- Conference: Pacific Coast Conference
- Record: 23–13 (11–5 PCC)
- Head coach: Jack Friel (17th season);
- Home arena: WSC Gymnasium

= 1944–45 Washington State Cougars men's basketball team =

American college basketball season

The 1944–45 Washington State Cougars men's basketball team represented Washington State College for the 1944–45 college basketball season. Led by seventeenth-year head coach Jack Friel, the Cougars were members of the Pacific Coast Conference and played their home games on campus at the WSC Gymnasium in Pullman, Washington.

The Cougars were 22–11 overall in the regular season and 11–5 in conference play, tied for first in the Northern division.

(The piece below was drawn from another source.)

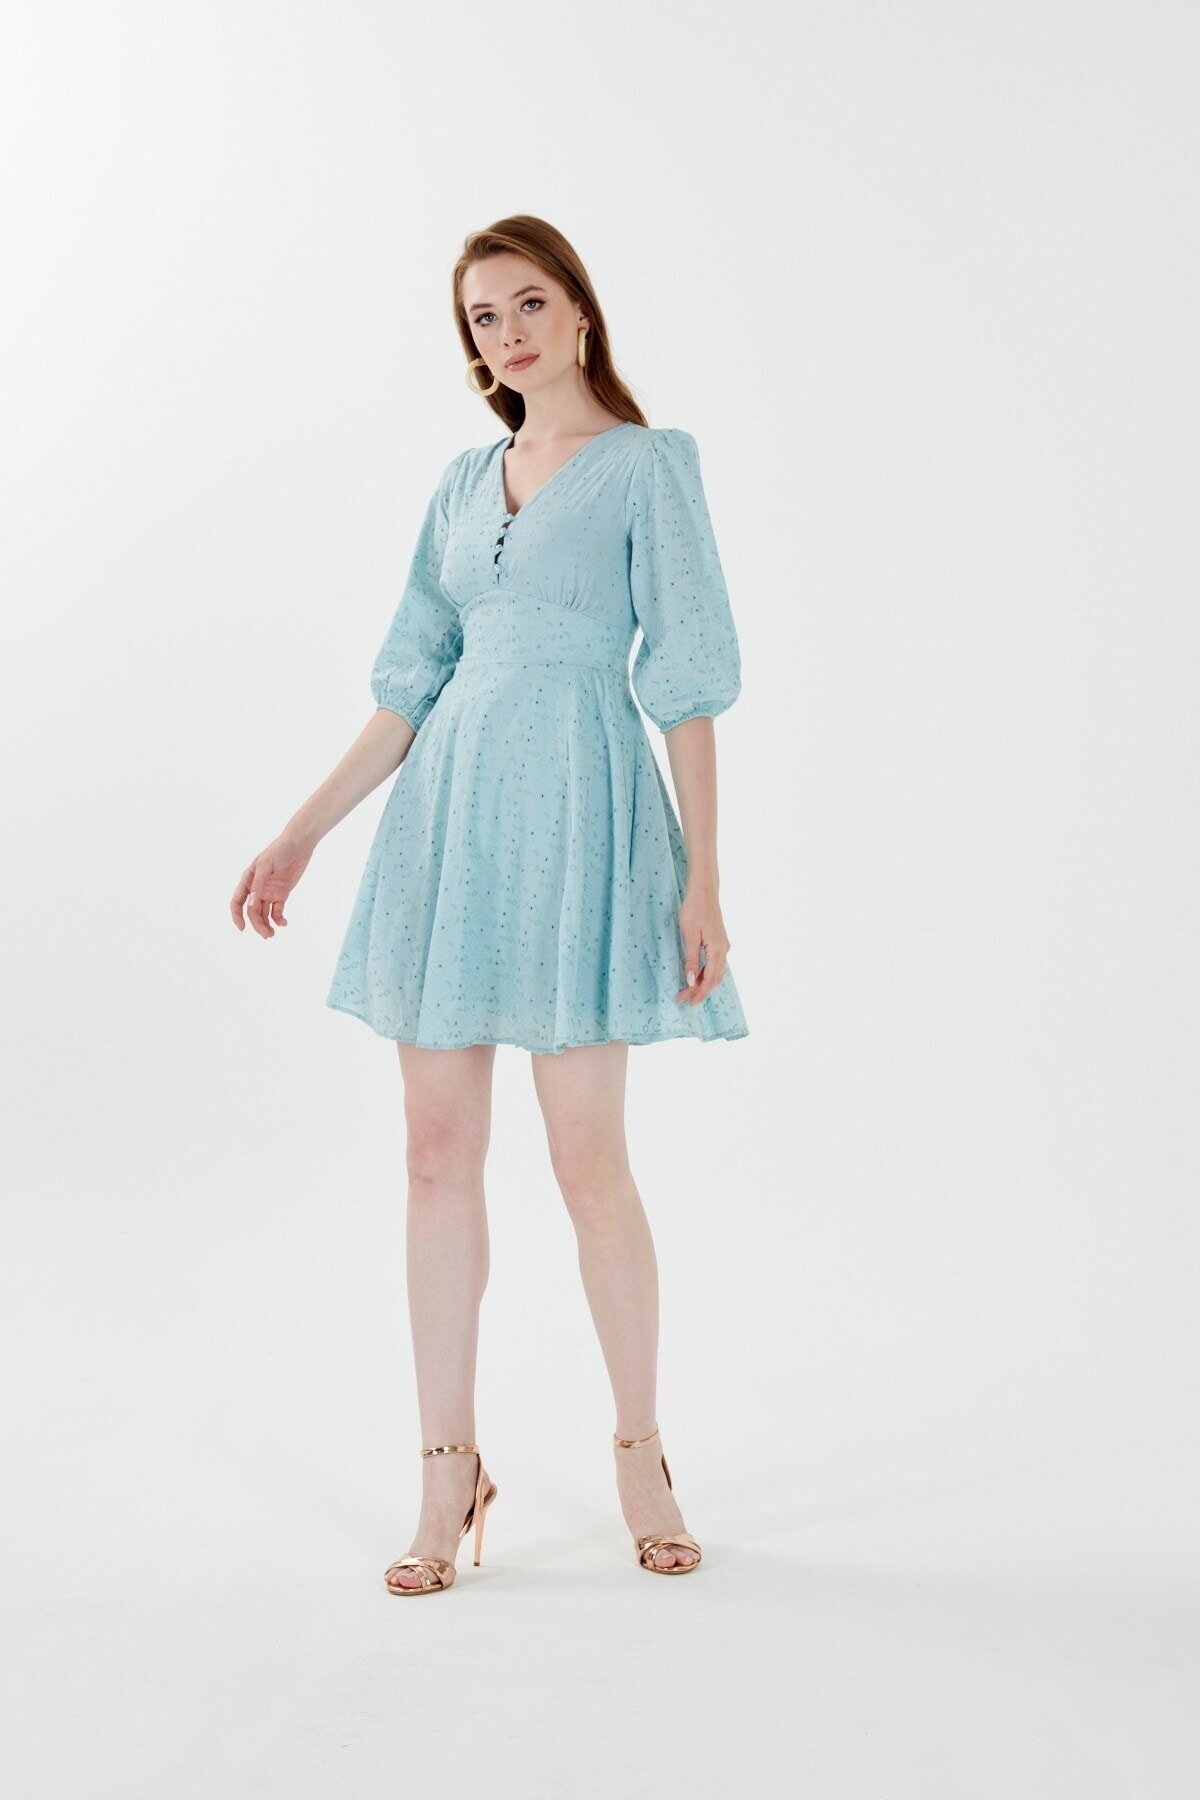 Mylace Mavi Truvakar Kol Belden Oturan Şık Mini Elbise

In the best-of-three playoff series with Oregon, the road teams won the first two games, which were played six nights apart. In the deciding third game in Eugene the next night, the home team rallied from a six-point deficit at halftime to win by a basket;
 Oregon advanced to the eight-team NCAA tournament, but lost their opener by three points.

==Postseason results==

| Date time, TV | Opponent | Result | Record | Site (attendance) city, state |
Pacific Coast Conference Northern Division Playoff Series
| Sat, March 10 8:00 pm | Oregon Game One | L 41–51 | 22–12 | WSC Gymnasium Pullman, Washington |
| Fri, March 16 8:00 pm | at Oregon Game Two | W 53–48 | 23–12 | McArthur Court (7,000) Eugene, Oregon |
| Sat, March 17 8:00 pm | at Oregon Game Three | L 37–39 | 23–13 | McArthur Court (6,000) Eugene, Oregon |
*Non-conference game. ^{#}Rankings from AP Poll. (#) Tournament seedings in parentheses. All times are in Pacific time.